On the news this morning, there was all but concrete confirmation that chemical weapons have been used in Syria, and that nearly 3,500 people are currently being treated for related injuries. If confirmed, the use of those chemical weapons would violate the so-called “red line” President Obama mentioned when he first started responding to calls for involvement in the conflict. Which isn’t to say that the US will step into yet another warzone - just that they might, and that if they do it should be cause for concern.

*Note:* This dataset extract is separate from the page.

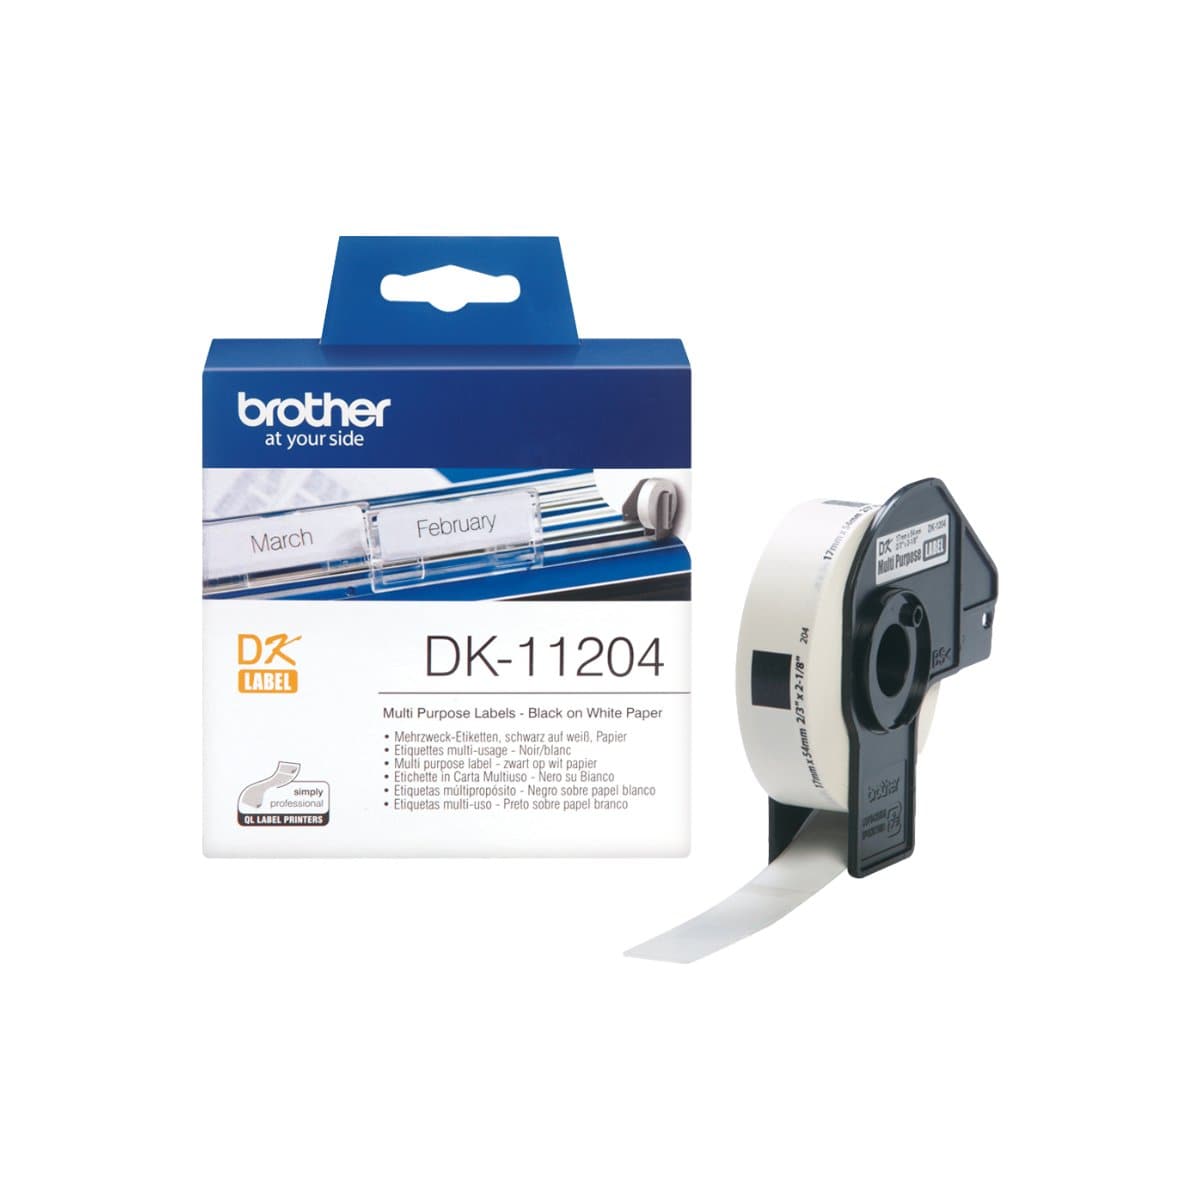 Brother DK-11204 Single Multi Purpose Labels, 17 x 54 mm, 400/roll, White

And okay, this is heavy stuff, and an equation of this with a story about how you can probably see Miley Cyrus’s anus if you look close enough is disingenuous at best. And I’m not even making a point about “high” and “low” culture - because mindless lightness is something I need from time to time. I know as much as anyone else that constant immersion in heady, intellectual, pretentious stuff doesn’t make for a balanced outlook.

But stories like that don’t feel light to me. They feel hollow and cynical. I don’t come out of this feeling uplifted - the best I get is a smug sense of satisfaction that by 20, I had a better grip on my life than she did. Honestly, the strongest thing I feel is pity and loathing - pity for a girl who has never had to hear “no” during some crucial years of development, and loathing for the people who never said it.

There’s this image of Will Smith and his kids gawping at Cyrus’s performance in horror, because it’s a glib way to characterise that shitshow. A sort of “what am I watching” moment for everyone to connect with. Never why. That question’s far too scary.